Шрифт:
Интервал:
Закладка:
Тегеранский базар, хотя ничто не сравнится со всемирно известным базаром в Стамбуле, удивительно обширен. У меня сложилось впечатление, что я, в разное время, обошел его весь. Но, через несколько дней после моего посещения «трущобных» кварталов я заметил группу несущую покойника по проходу, который до сих пор не исследован, и я последовал за ними, чтобы попытаться присутствовать на персидских похоронах, и они прошли путь, по крайней мере, милю вдоль лавок, которые я еще ни разу не видел.
Я проследовал за несущими покойника по темным проходам и узким аллеям более бедного квартала, и, несмотря на их злобно сведенные брови, проник даже в дом, где они обмывали тело перед похоронами. Но здесь исполняющий обязанности муллы нахмурился с таким очевидным неудовольствием и отказался продолжать в моем присутствии, так что я был вынужден отступить. Квартал бедноты Тегерана представляет собой бесформенную кучу грязных жилищ и руин, улицы - узкие проходы, описывающие всевозможные повороты и углы между ними. Когда я выхожу из сводчатого базара, солнце уже почти садится, и музыканты на бала-ханах дворцовых ворот возвещают конец еще одного дня диссонирующими звуками древних персидских труб и колотят в полусферические котлы-барабаны. Эти музыканты одеты в фантастические алые мундиры, мало чем отличающиеся от костюма шута пятнадцатого века, и каждый вечер на закате они поднимаются на эти бала-ханы, и в течение часа дарят миру самую неземную музыку, какую только можно вообразить. Латунные трубы длиной около пяти футов, отвечающие усилиям человека с сильным дыханием, с дьявольским визгом бассо-профундо, полностью затеняют туманный горн Ньюфаундленда. Когда дюжина этих инструментов находится на пределе своего звучания, без какого-то намека на гармонию, это, кажется, отбрасывает гнетущую тень варварства на весь город. Эта закатная музыка, я думаю, пережиток очень давних времен, и она нервирует, как отчаянный вой древней Персии, протестующей против нововведений уводящих от величия и очарования ее старинной языческой славы, к сегодняшней несчастной эре правления мулл и зависимости национального существования от снисходительности или ревности других наций. Под воротами музыкантов выход на небольшую площадь, наполовину занятую квадратным резервуаром с водой. Рядом с этим водоемом установлена большая бронзовая пушка. Это огромный, громоздкая штука, совершенно бесполезна для таких людей, как персы, за исключением украшения или, возможно, чтобы помочь впечатлить массы представлением о неприступном величии шаха.

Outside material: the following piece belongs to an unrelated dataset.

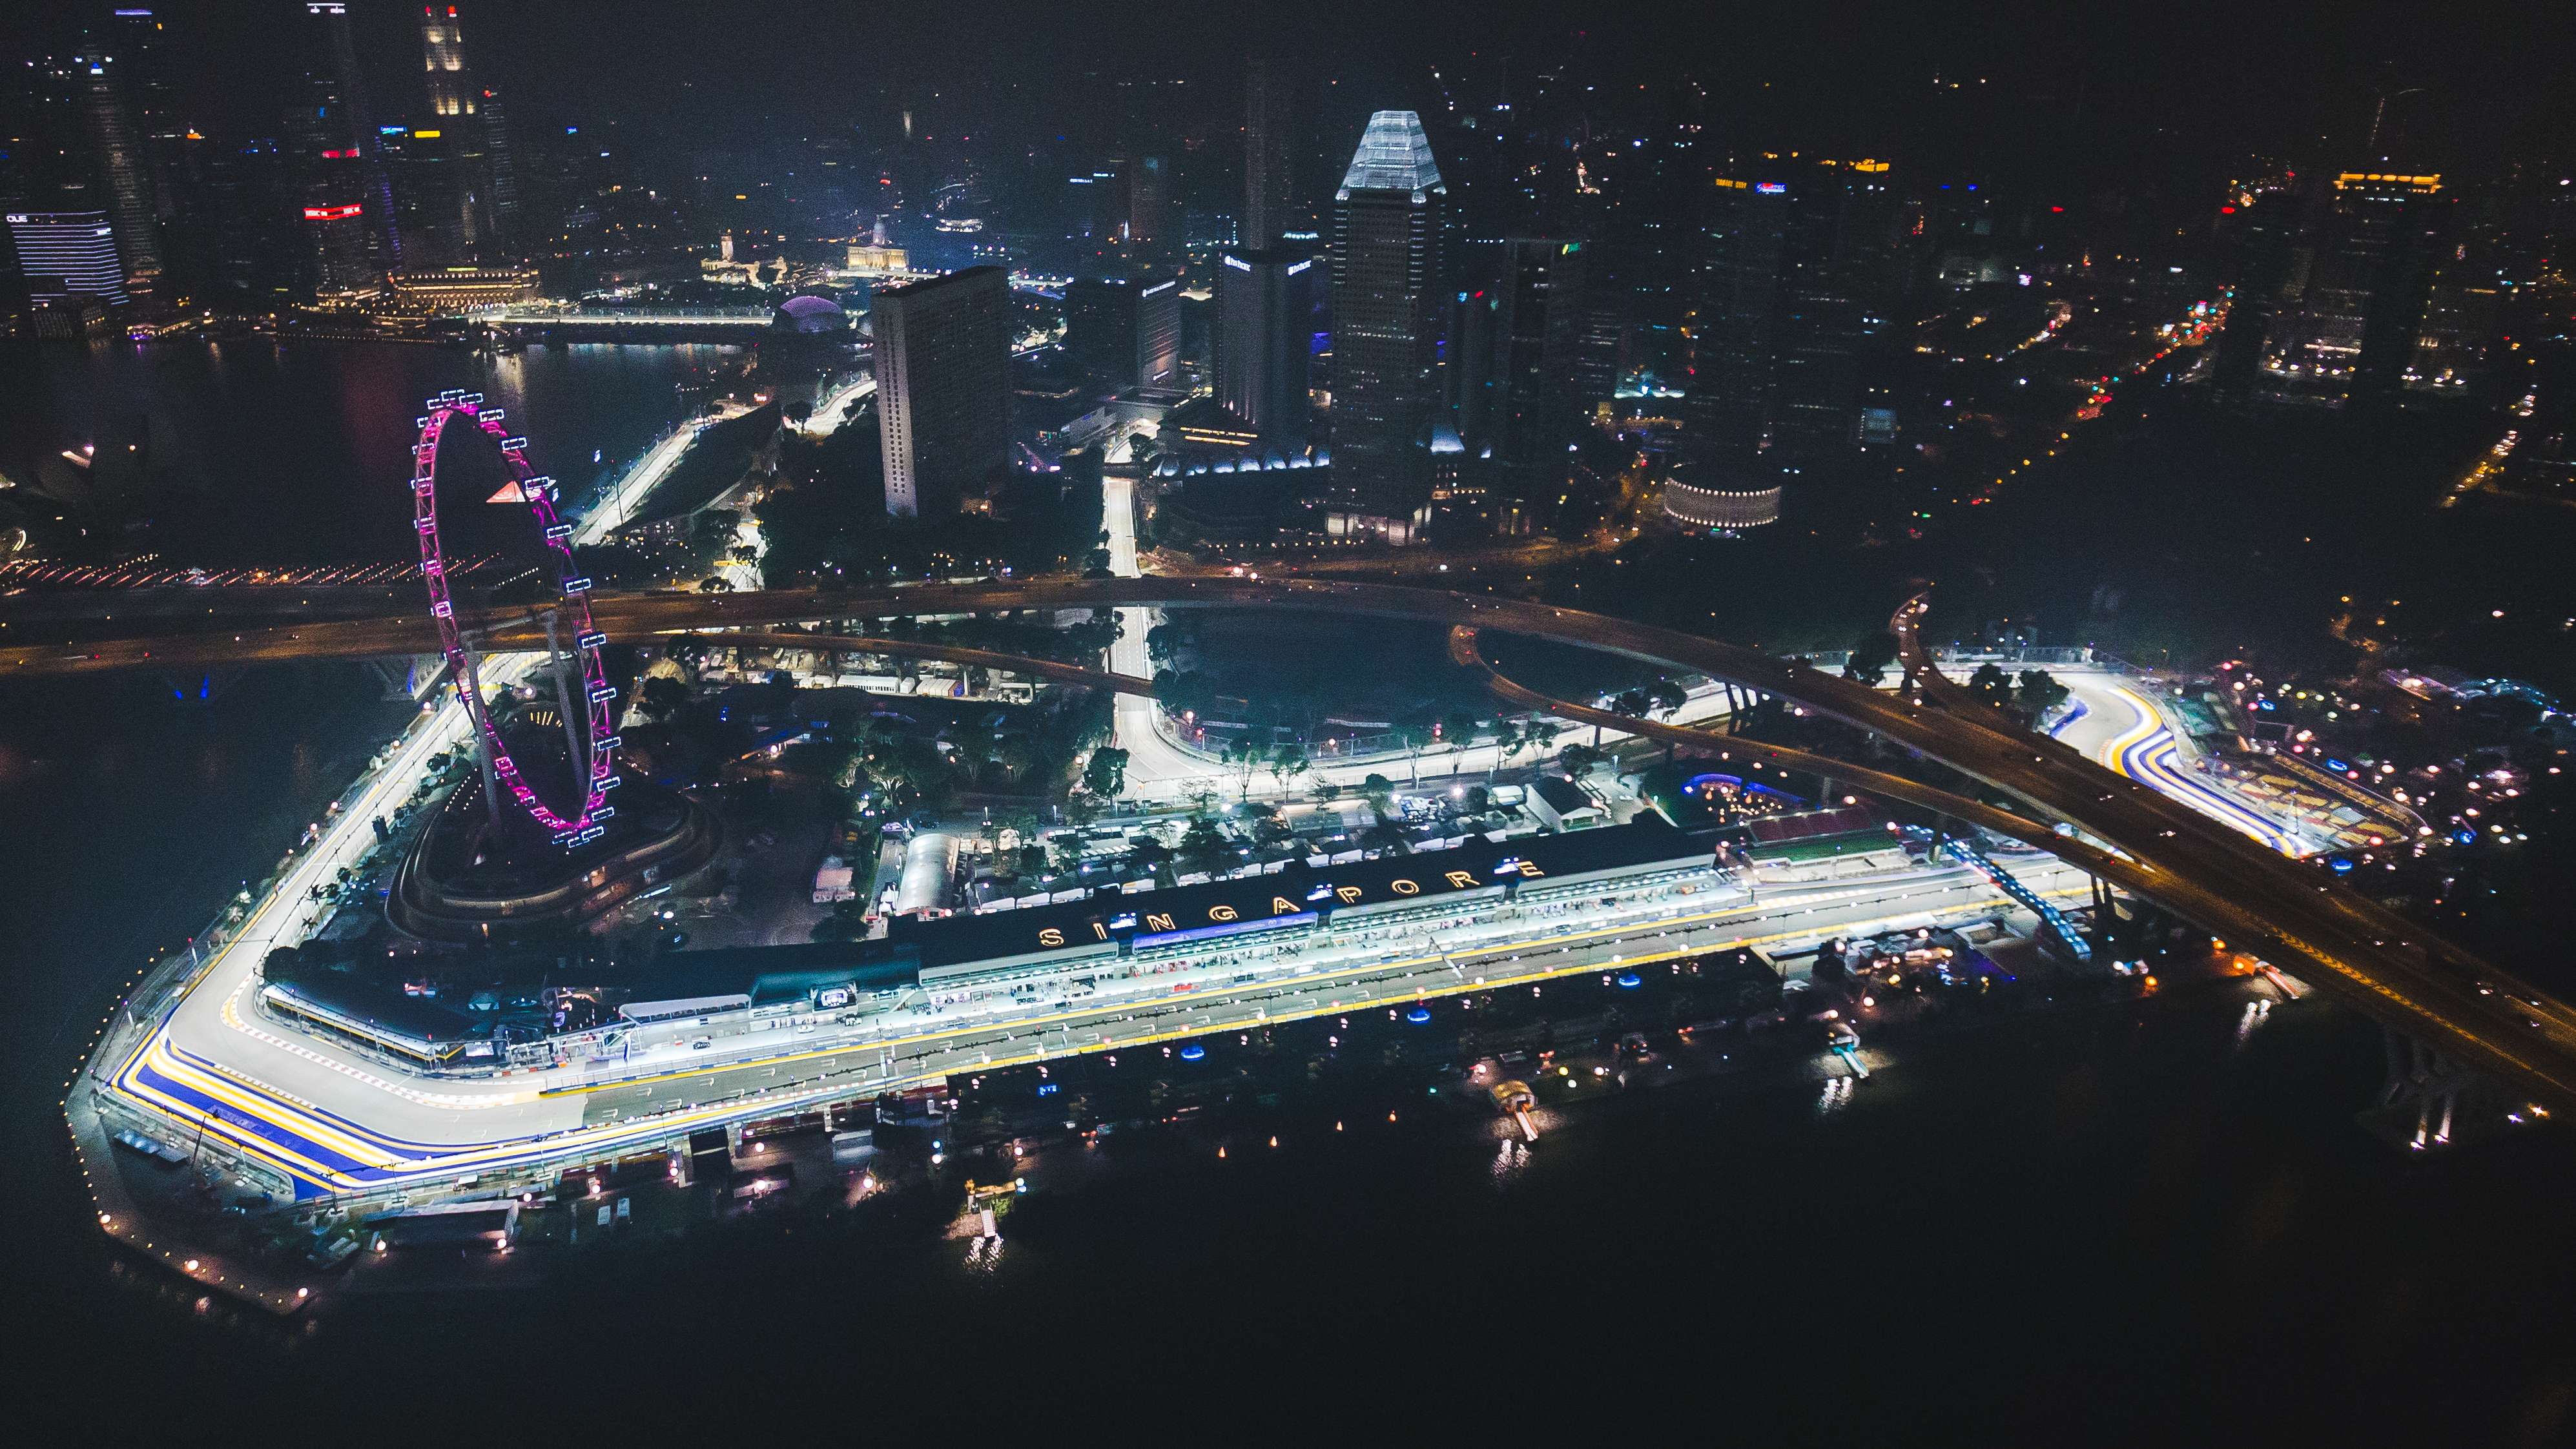 Marina Bay Street Circuit is the scene of thrilling race action and provides spectacular night views of the track illuminated against the backdrop of the Singapore skyline.
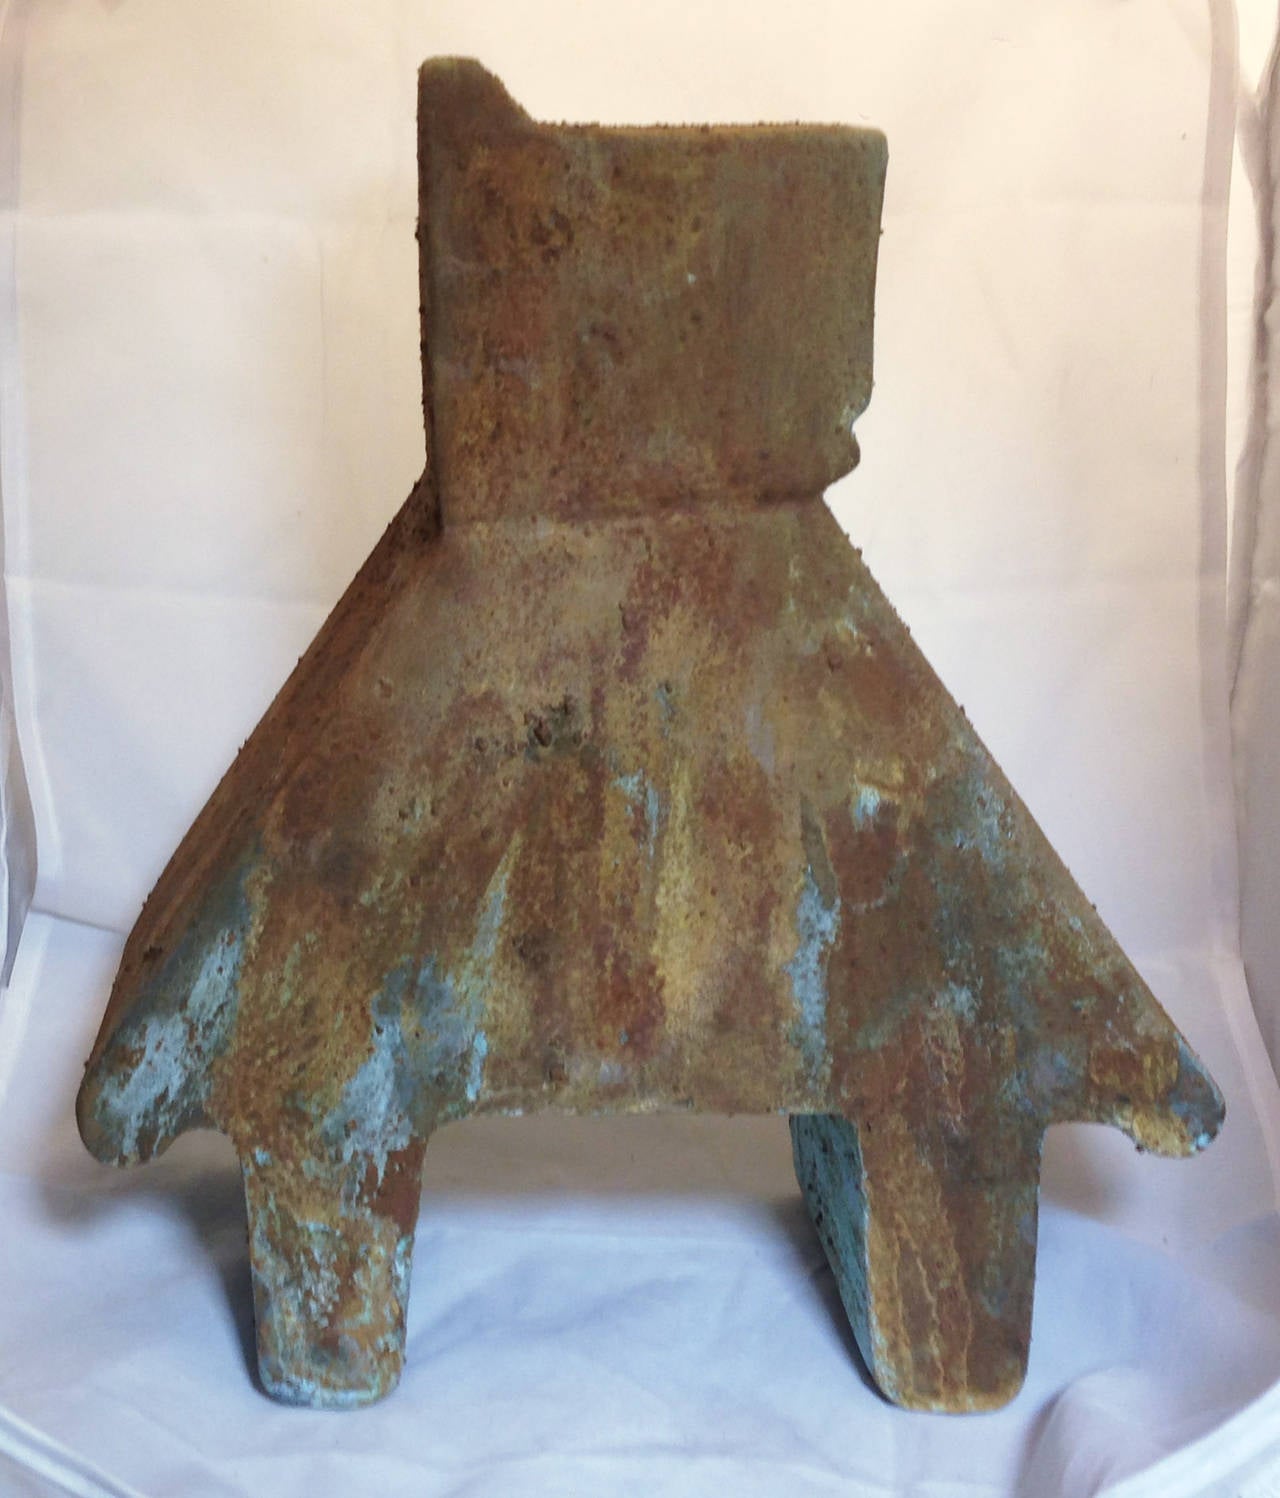 Ceramic sculpture made by Mexican artist Miguel Castro Leñero, signed. Iron rust patina.

Это особый час молитвы, и во всех направлениях можно наблюдать, как люди, останавливаются во всем, что бы они ни делали, и становясь на колени на какую-то верхнюю одежду, снятую для этой цели, многократно касаются своими лбами земли, сгибаясь в направлении Мекки.
Пройдя под вторыми музыкальными воротами, я как раз вовремя добираюсь до артиллерийской площади, чтобы увидеть группу армейских горнистов, сформированных в ряд на одном конце, и группу мушкетеров на другом.
Как только эти более современные трубачи продолжают играть, рота мушкетеров напротив берет на караул, а затем музыка новых горнистов и хриплые, похожие на туманный горн, звуки фантастических труб на бала-ханах замирают вместе и одновременно и отдают должное отряду диких слонов. Когда громкое гудение прекращается, обычные шумы вокруг кажутся чем-то вроде торжественной тишины, и над этой сравнительной тишиной можно услышать голоса людей здесь и там над городом, кричащие зычными голосами: «Аль-лах-иль-все-ах»; Али Ак-бар.» (Бог самый великий; нет бога, кроме одного Бога!).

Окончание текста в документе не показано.